# 125 DIY Tank



## B. Rodgers (Jan 20, 2005)

Here's a tank 5' long 20" tall and 24" wide for a total of 125 gallons. It's being re-done for a black rhom so the epoxy/resin had to be taken out and re-done using a black pigment to make the inside black. I'm going to have this beast finished with water in it by Wednesday


----------



## EZmoney (May 13, 2004)

damn dood! you're getting this tank building down tight. looking good.
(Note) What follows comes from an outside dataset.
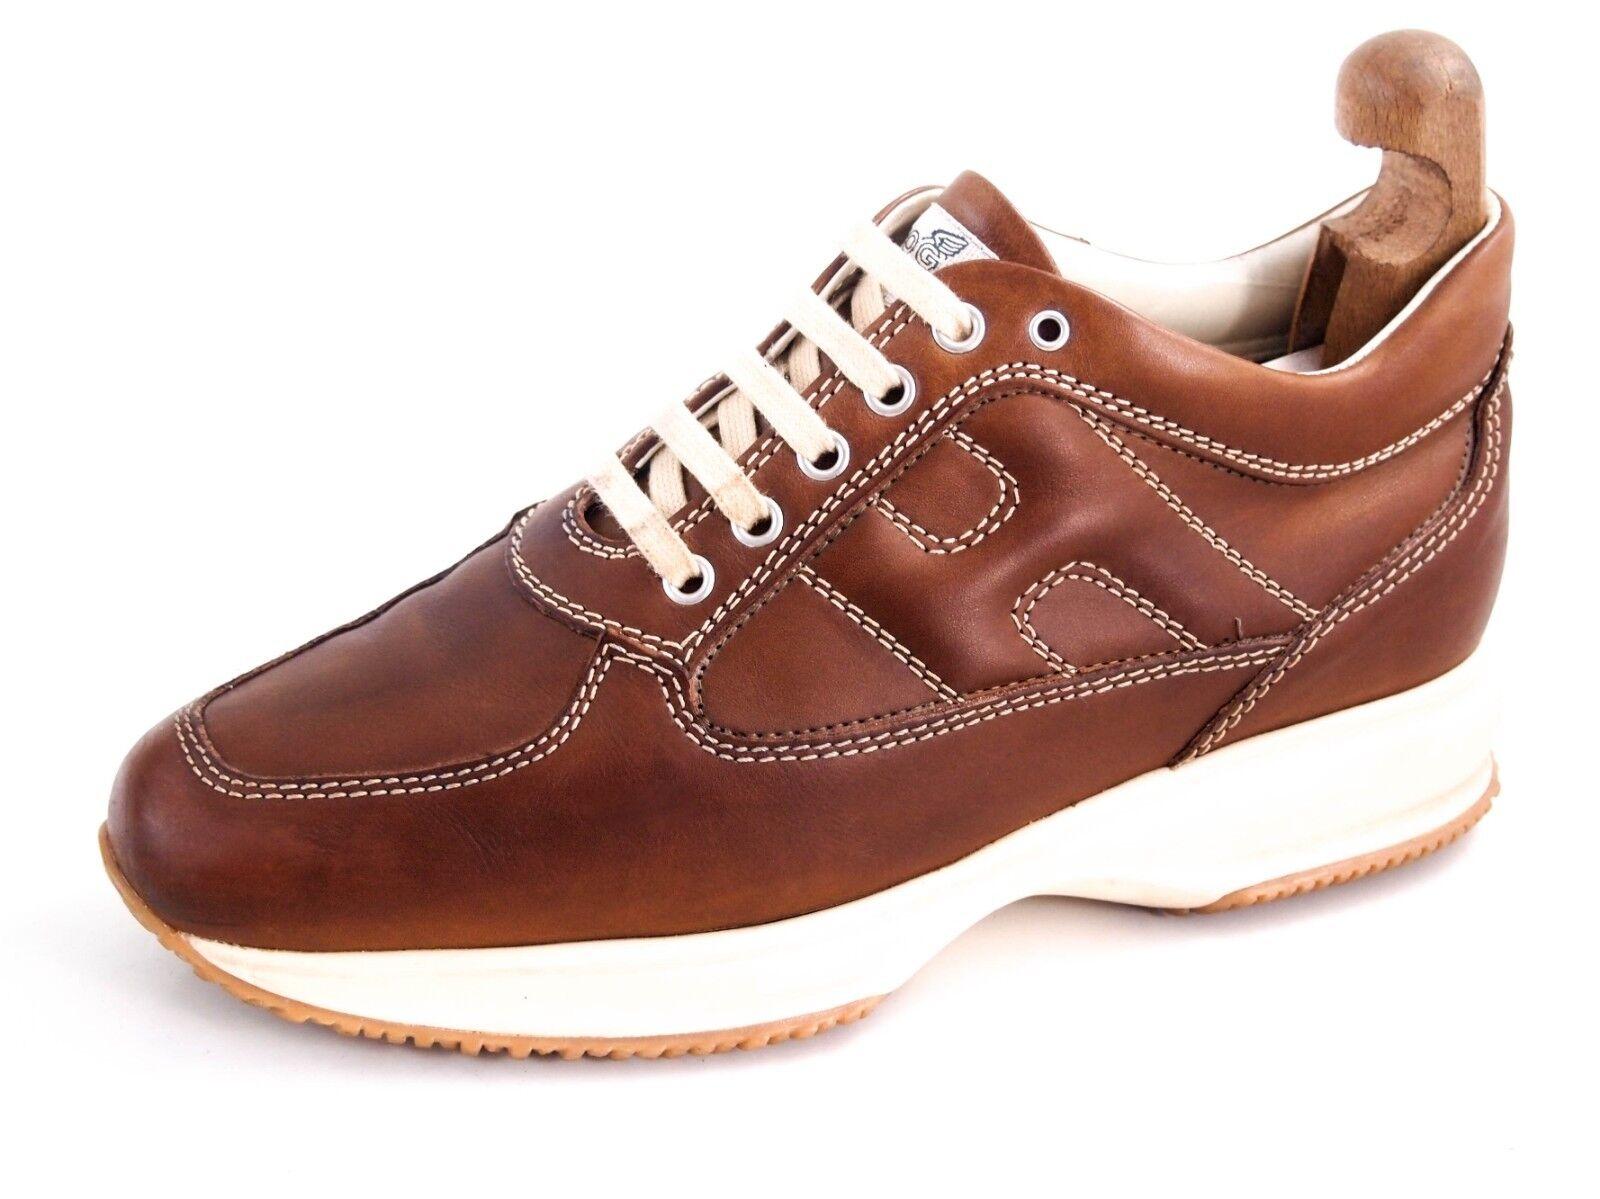 Hogan Zapatillas, Cuero Marrón, Zapato para Hombres Tamaño nos 8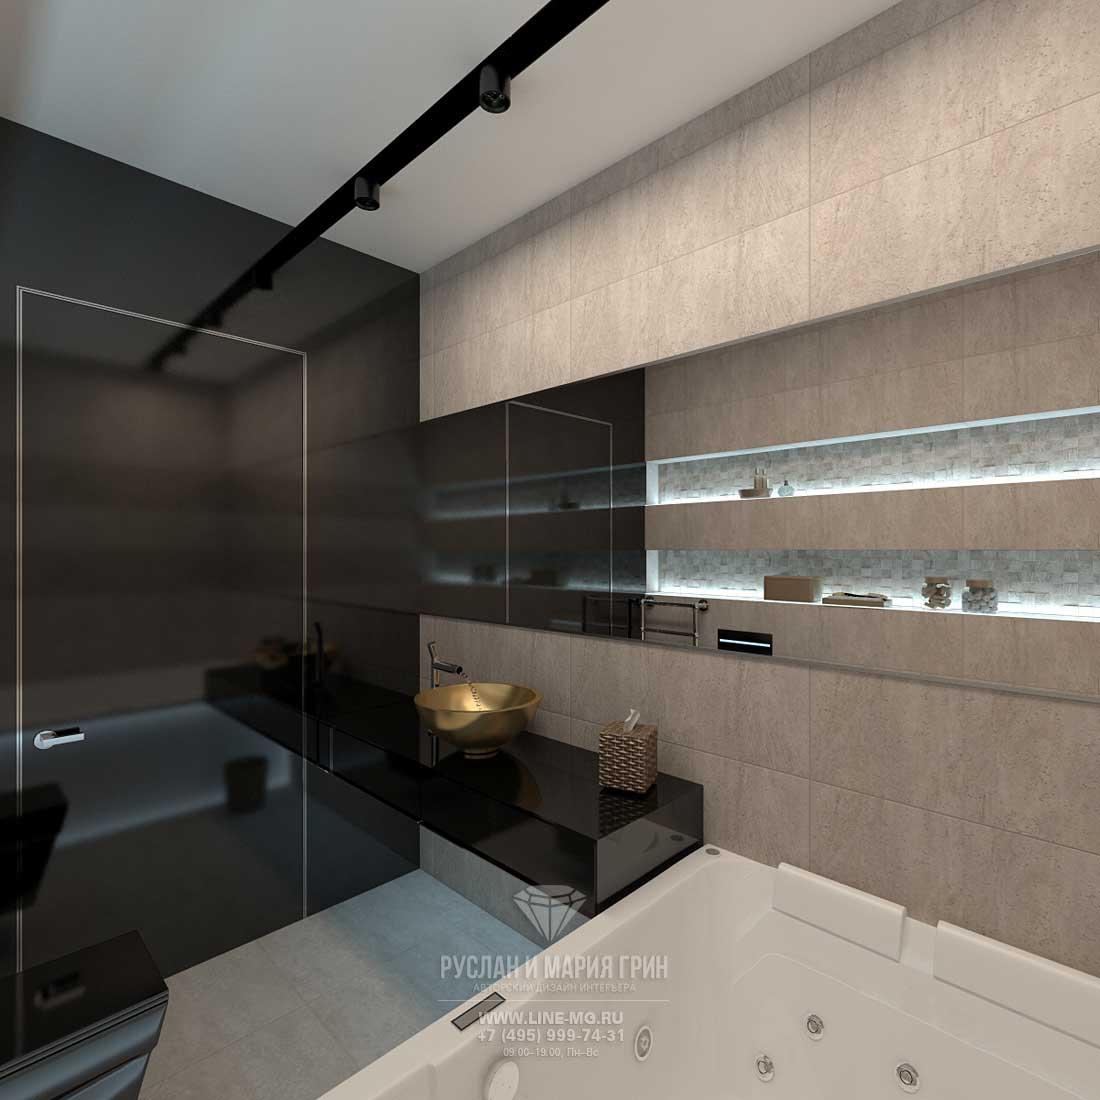 Дизайн ванной комнаты 3 кв м 53 фото с туалетом и

The finish inside the tank looks real clean. Is that epoxy resin that you are using?


----------



## B. Rodgers (Jan 20, 2005)

Thanx! It's just regular All Purpose Fiber Glass Resin made by Bondo from the Home Depot.


----------



## timmy (Mar 29, 2004)

Looks great. I wouldn't trust myself enough to do that. GODD JOB


----------



## DucatiRave21 (May 27, 2005)

i really like it! esp black on the inside! good job man


----------



## B. Rodgers (Jan 20, 2005)

thankyou Ducati! I'll post pics when I'm finished


----------



## DucatiRave21 (May 27, 2005)

know what your going to put in it yet?

ho wmuch epoxy did it take? i thought about doing a 180 but wasnt sure how much epoxy to get.


----------



## B. Rodgers (Jan 20, 2005)

Well, It's either going to be home for a 15" Rhom or I'll put a divider in it and get rid of some tanks and put my 4" Gold Rhom on one side and my 4" Manuelli on the other side.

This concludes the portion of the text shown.